[Opening DATA EXCERPT section]
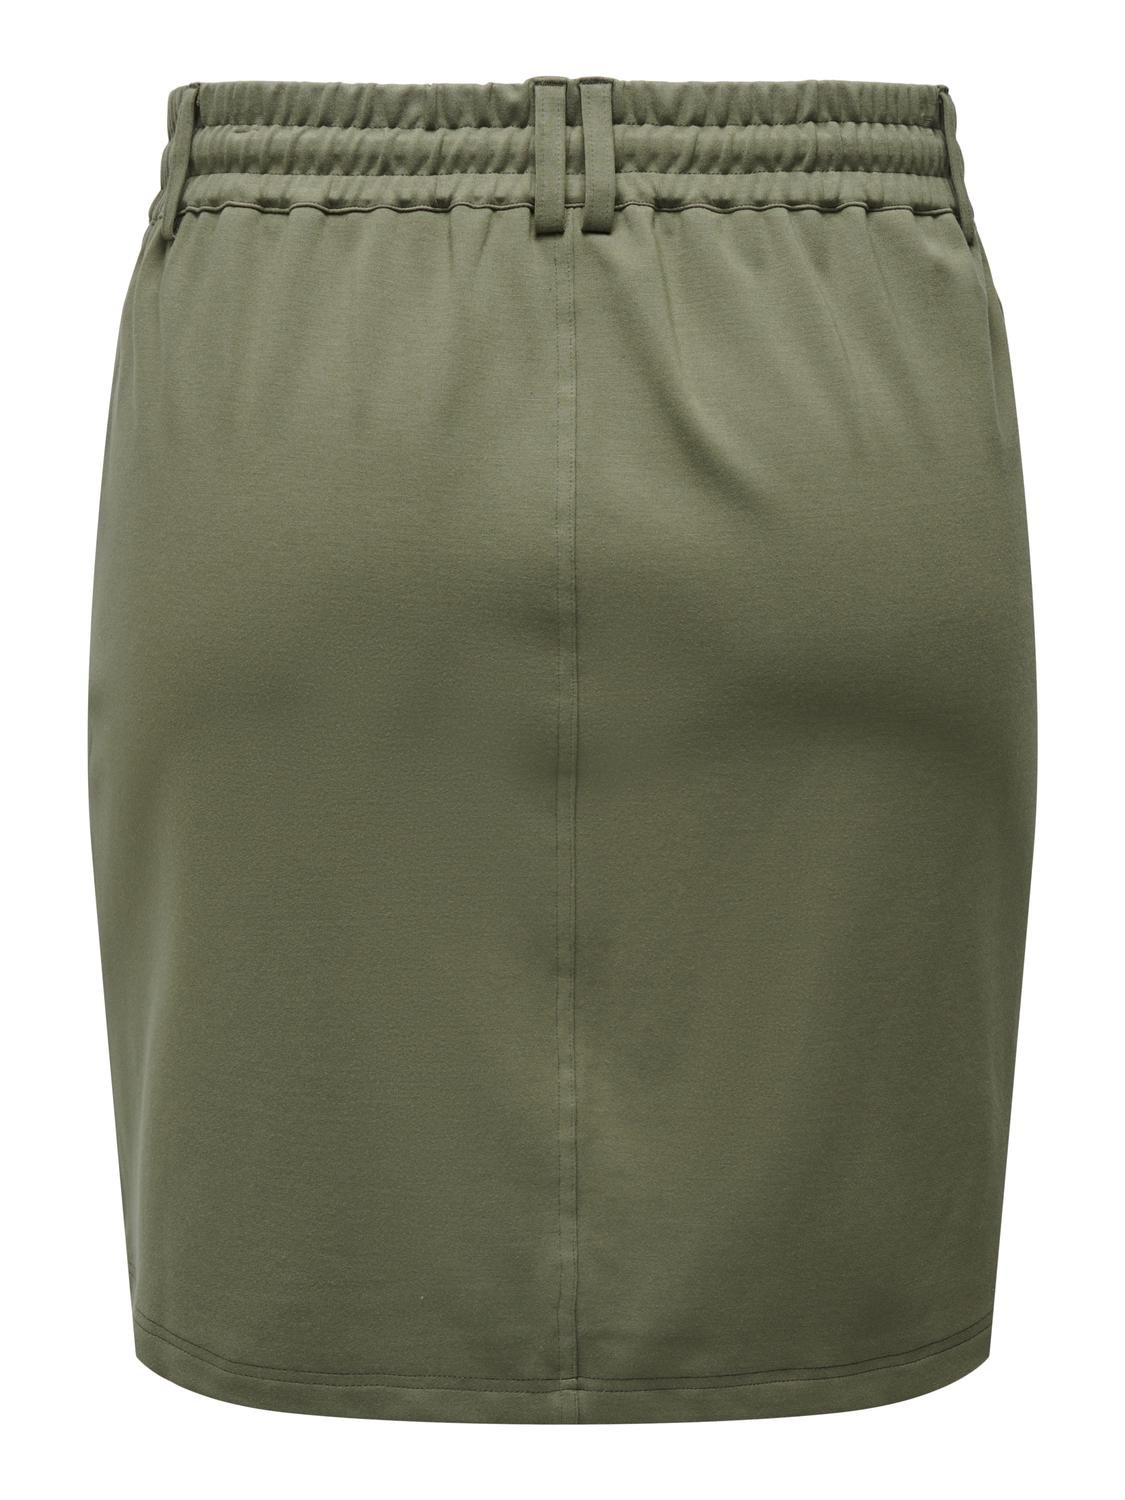 ONLY Curvy Skirt -Kalamata - 15168580
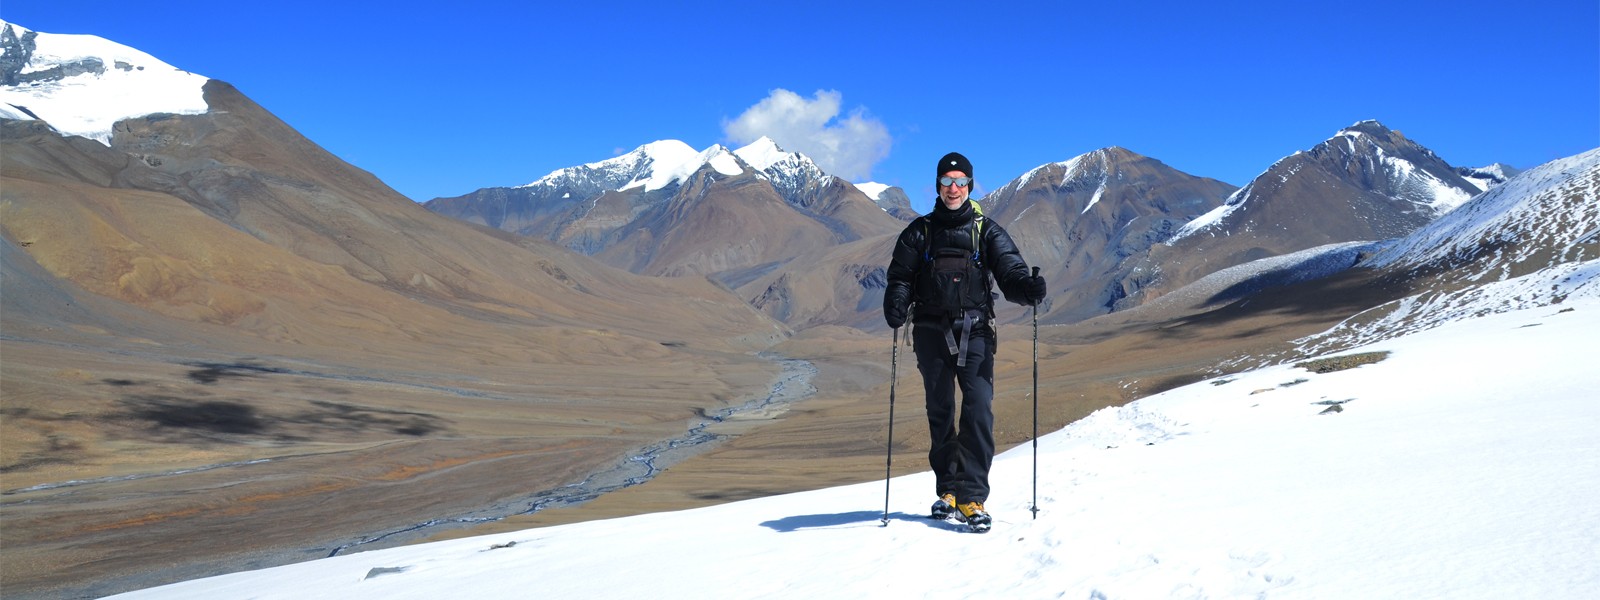 Dhaulagiri French Pass and Annapurna Trekking
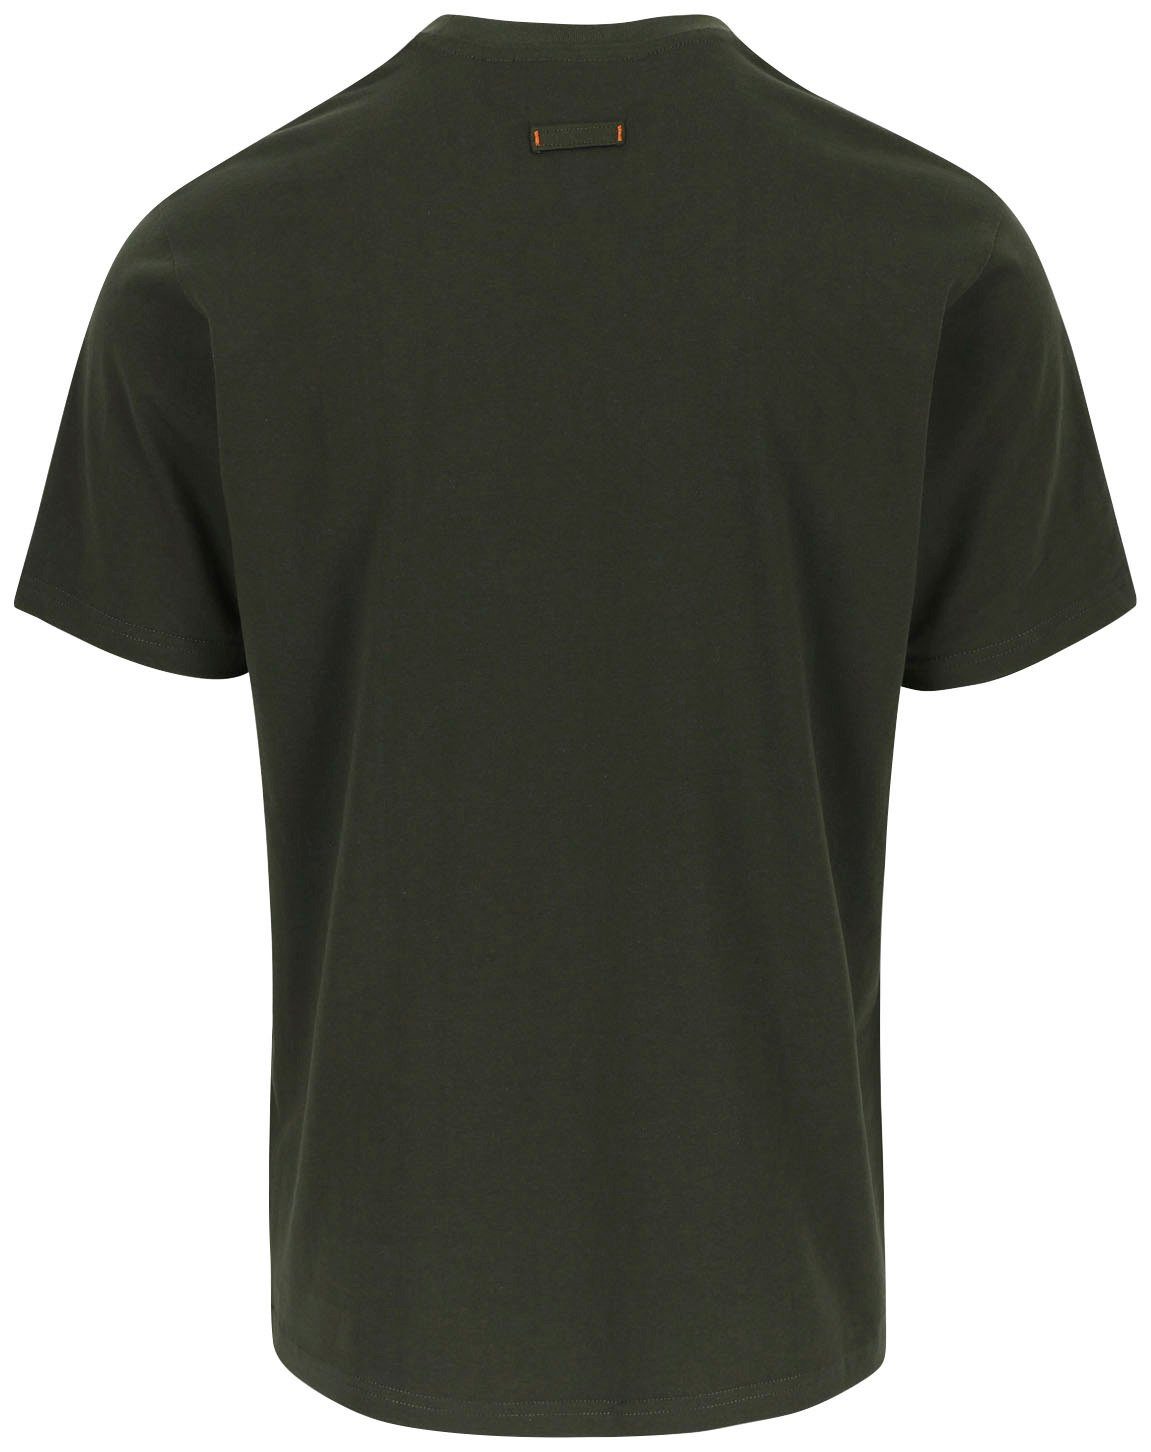 Rundhals, mit Baumwolle, ENI Herock Tragegefühl T-Shirt khaki angenehmes Herock®-Aufdruck,
[Closing DATA EXCERPT section]
WORK TO BE COMPLETED =>
Copy the lines exactly. Start at the line with "Dhaulagiri French Pass", end at the last line above, include both, and omit all pictures.

RESPONSE TO THIS TASK =>
 Dhaulagiri French Pass and Annapurna Trekking
 Rundhals, mit Baumwolle, ENI Herock Tragegefühl T-Shirt khaki angenehmes Herock®-Aufdruck,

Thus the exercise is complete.